Transcribe only part of the material below: the lines from the one containing "Sapa rice fields - Stock Image" through the one containing "#COPAOFI . Árbitros", inclusive, exactly as written.

## Given data
--

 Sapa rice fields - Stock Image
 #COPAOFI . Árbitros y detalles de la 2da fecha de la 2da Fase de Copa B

--

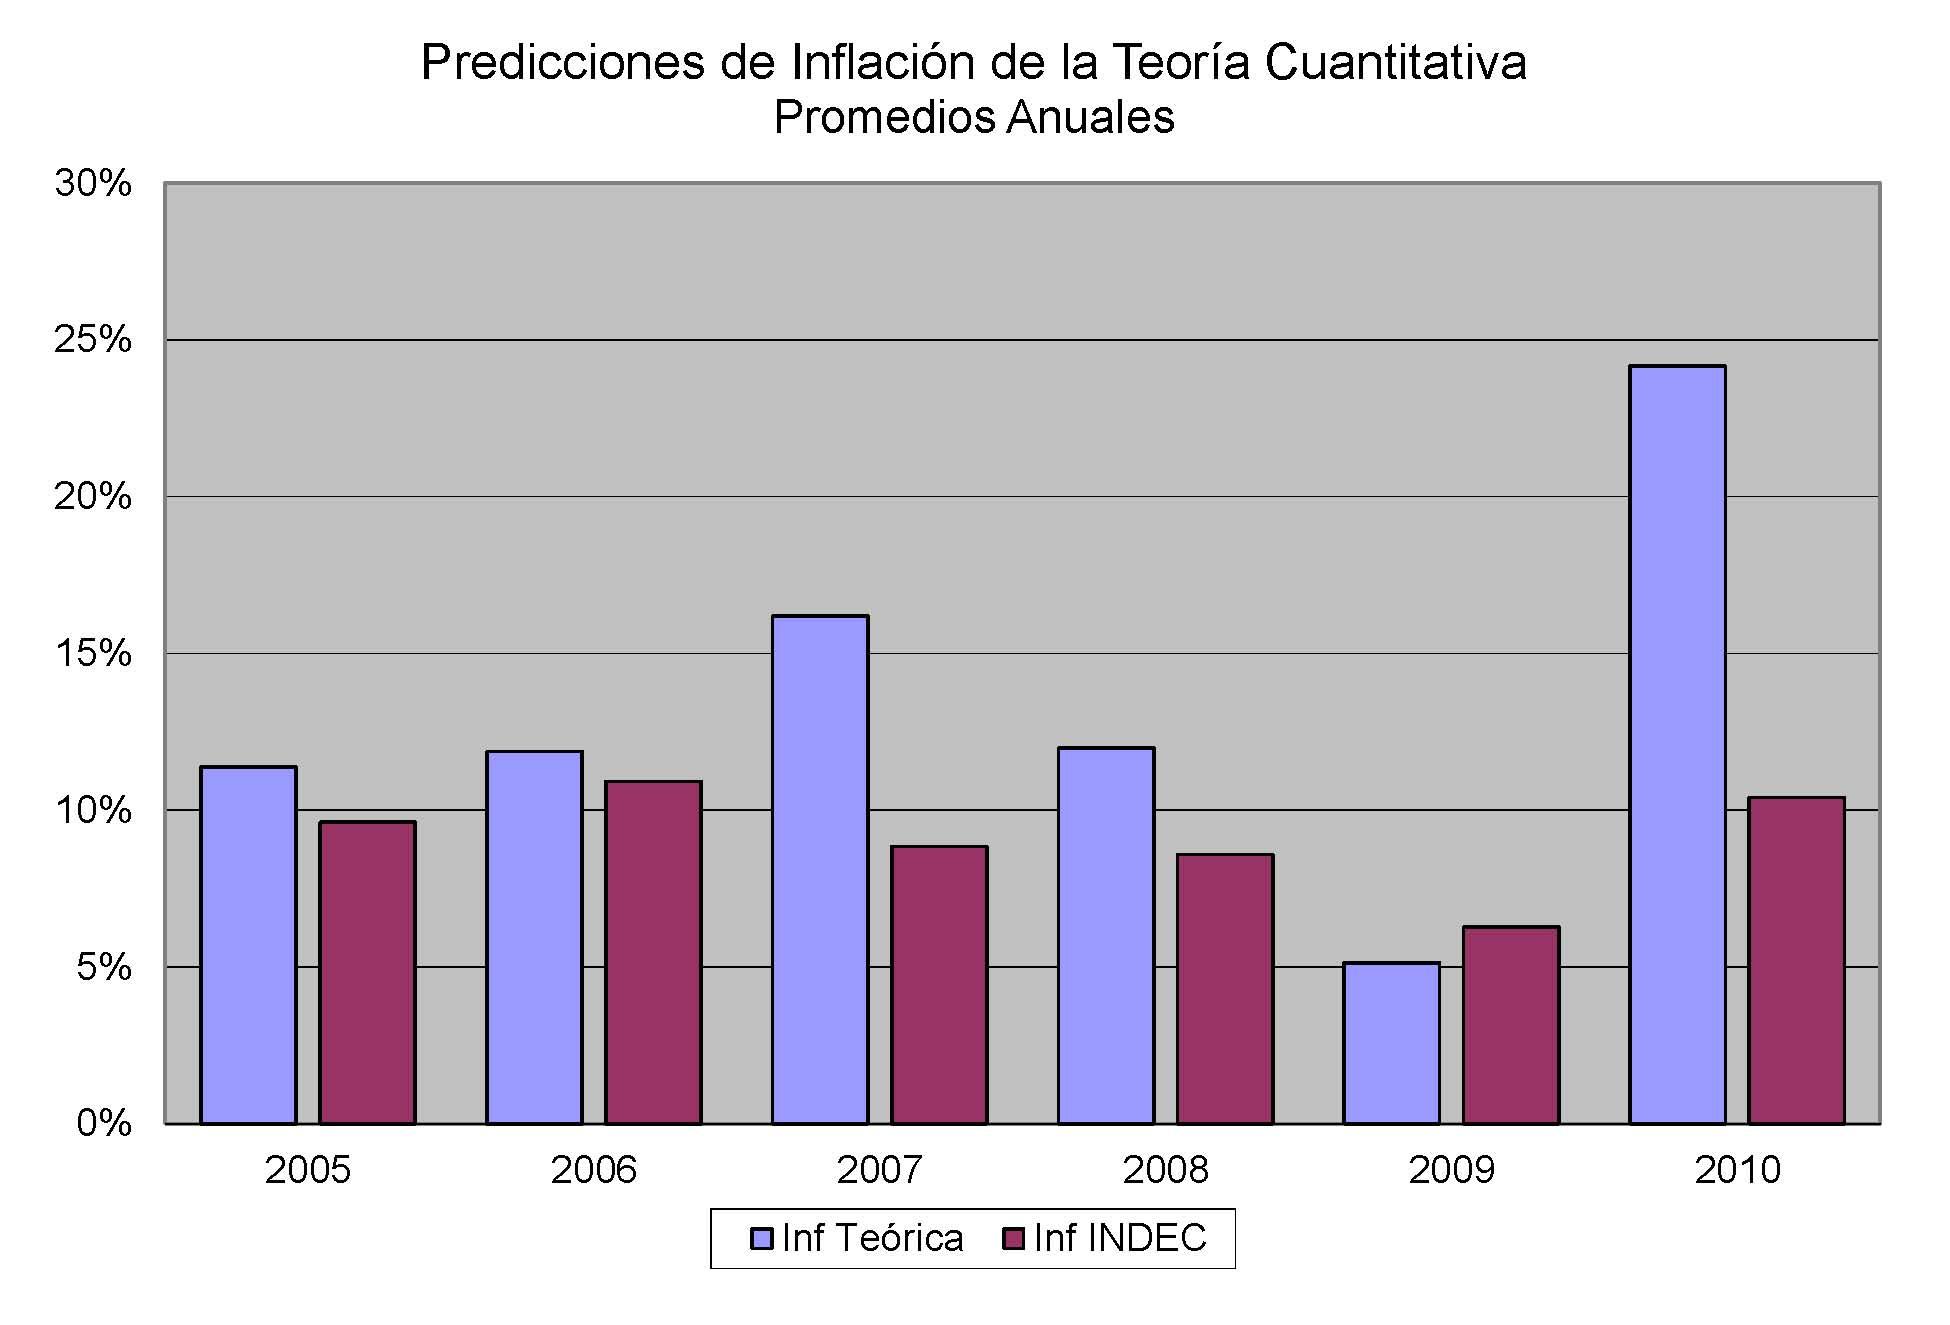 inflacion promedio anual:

--

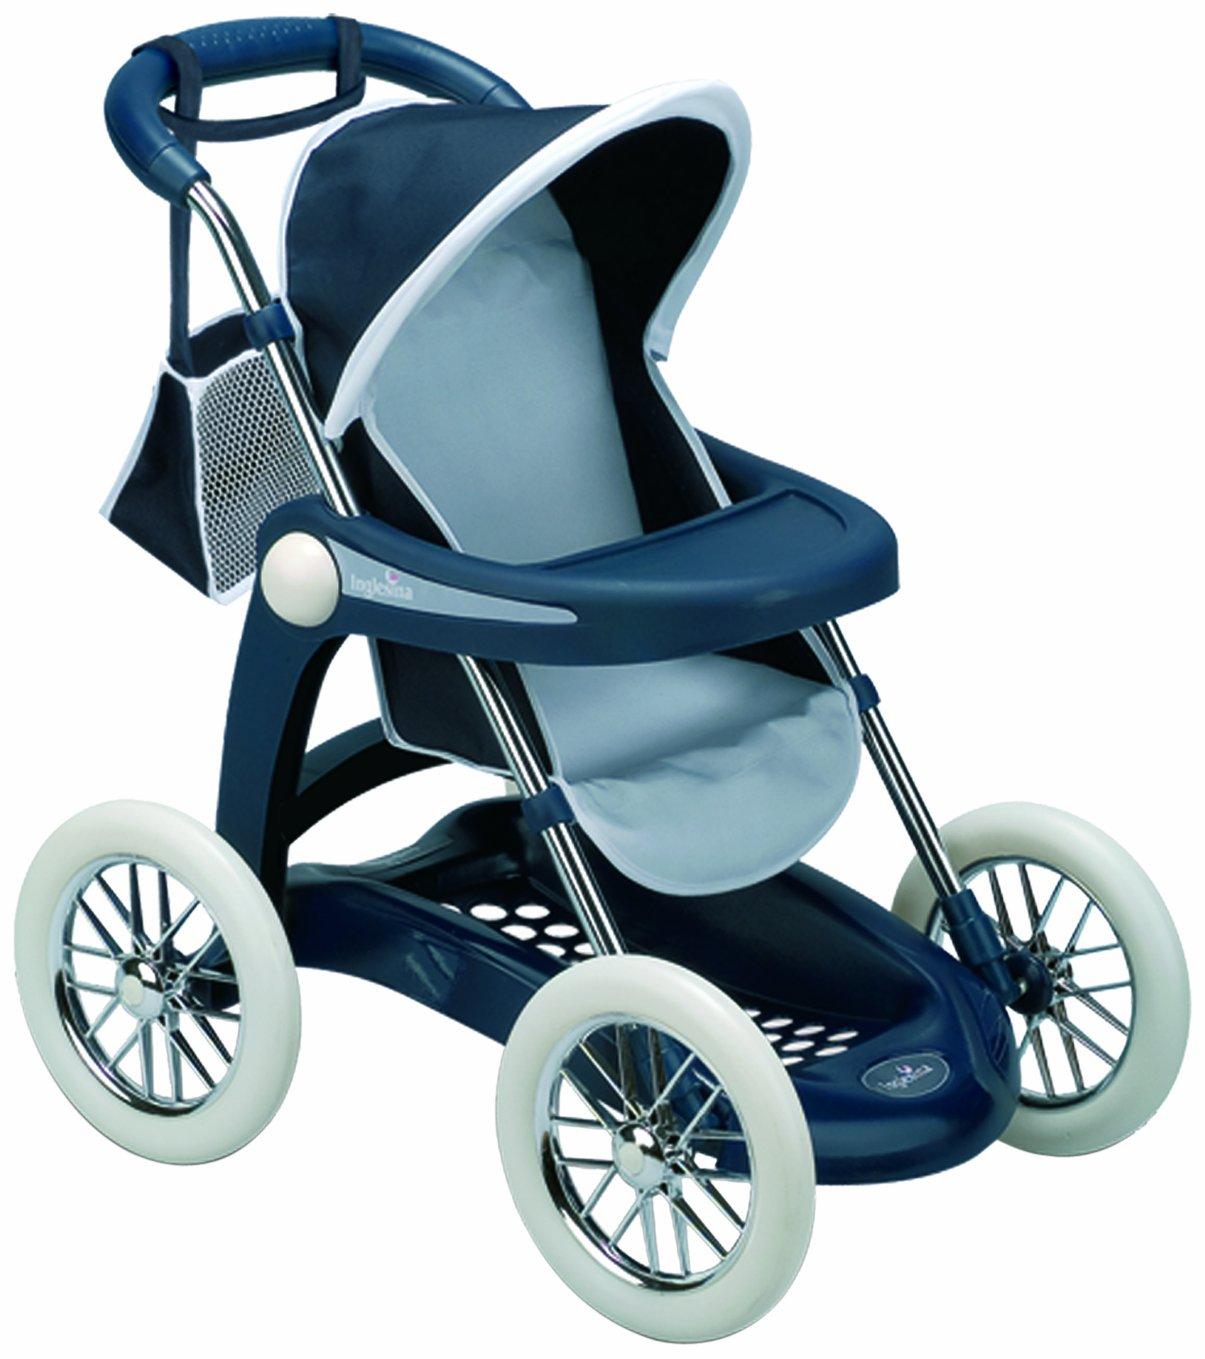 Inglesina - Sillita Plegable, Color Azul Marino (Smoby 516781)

--

## Result
 Sapa rice fields - Stock Image
 #COPAOFI . Árbitros y detalles de la 2da fecha de la 2da Fase de Copa B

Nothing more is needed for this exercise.